I think the problem for a democrat-communist USSR is not communism, it's Russia. Most of Russians have no idea of how a democracy works, Russia as we know it is a huge Moscovia, and the only way for Ubermoscovia to keep it's lands together is to be despotic. When Catherine the Great summoned an Assembly of free people (1/10 of Russia was represented) they didn't do anything but find her a honorary title "The Great" ... and they were the educated 1/10.
The problem is that if Russians don't know how to handle a democracy before a bloodbath, they won't be more experienced after. The same thing happened with French Revolution.

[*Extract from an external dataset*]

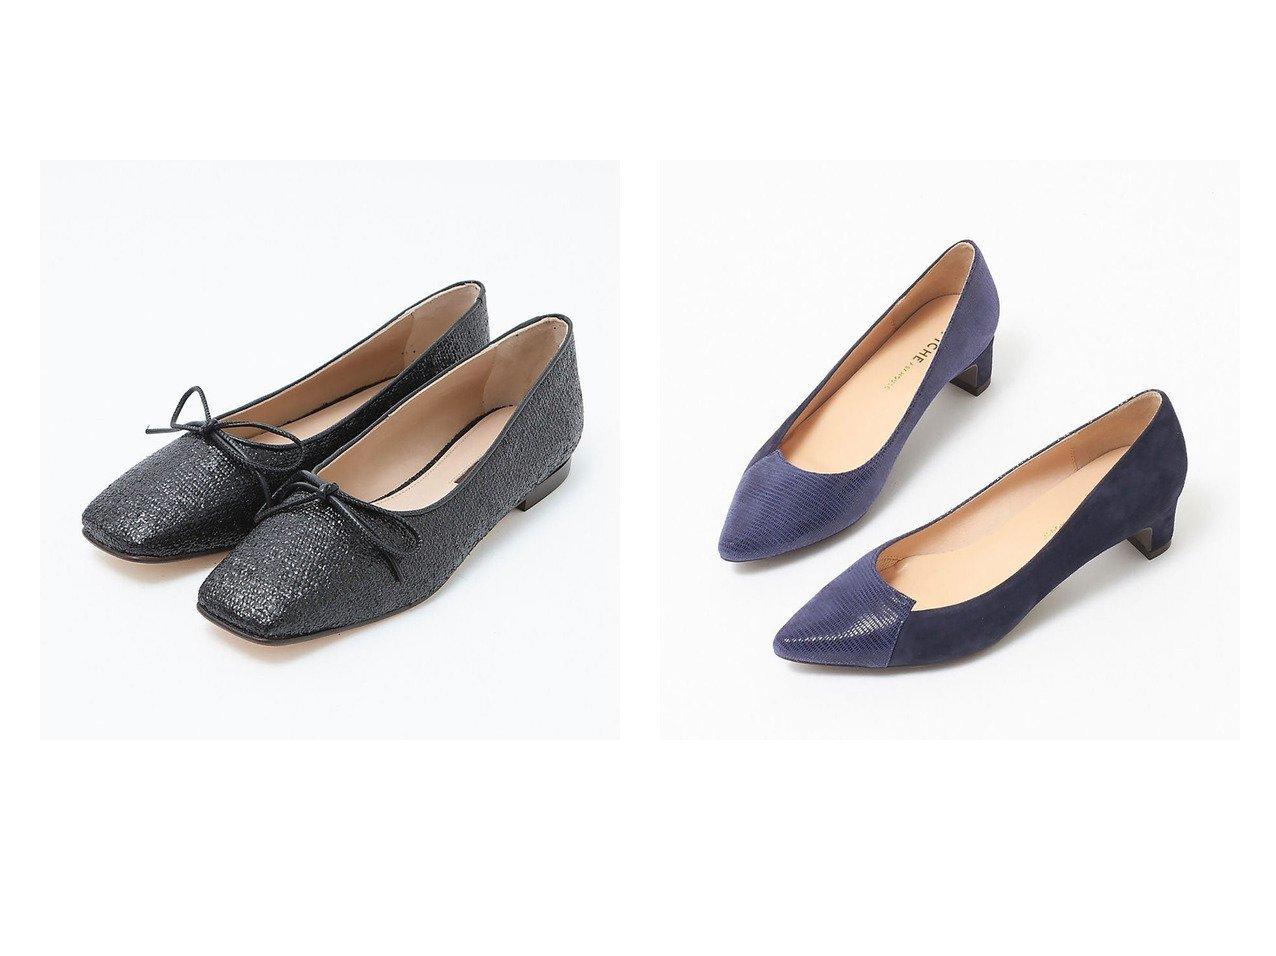 【Piche Abahouse/ピシェ アバハウス】のアシンメトリーポインテッドパンプス&ペリーコサニー スクエアトゥ バレエシューズ シューズ・靴のおすすめ!人気、トレンド・レディースファッションの通販 おすすめで人気の流行・トレンド、ファッションの通販商品 メンズファッション・キッズファッション・インテリア・家具・レディースファッション・服の通販 founy(ファニー) https://founy.com/ ファッション Fashion レディースファッション WOMEN A/W 秋冬 AW Autumn/Winter / FW Fall-Winter S/S 春夏 SS Spring/Summer コレクション サンダル シューズ シンプル ジュート バレエ 春 Spring イエロー クッション フィット  ID:crp329100000016106

So my pick would be a Constitutionnal monarchy in Russia, more and more democratic, and then a Tsar that we'll call Ivan Stupidovitch starts being a horrible ruler and gets kicked out of the throne
I'd like to defend the large estates general (in essence) that Catherine summoned. They DID have suggestions. They had suggestions by the dozen, on all sorts of issues from the highest levels of society to the lowest. If she had kept them meeting and given them actual power to draft and pass legislation, I think they would have come up with some very interesting stuff.
As it is, though, Pugachev's rebellion cut it short, and after that she decided to abandon her reform plans and just rule the country as a tyrant. Honestly, it's one of the things I find most disappointing about Catherine as a person. She was *this close* to building an institution that could have changed Russian history for the better, and she strangled it in the crib because of a completely unrelated uprising.
That's pretty much the story of Russian democracy/republicanism every time it tries to get off the ground. The rulership gets pissed because people who have never done this before aren't very good at it, and rather than giving them time to learn, calls the whole thing off.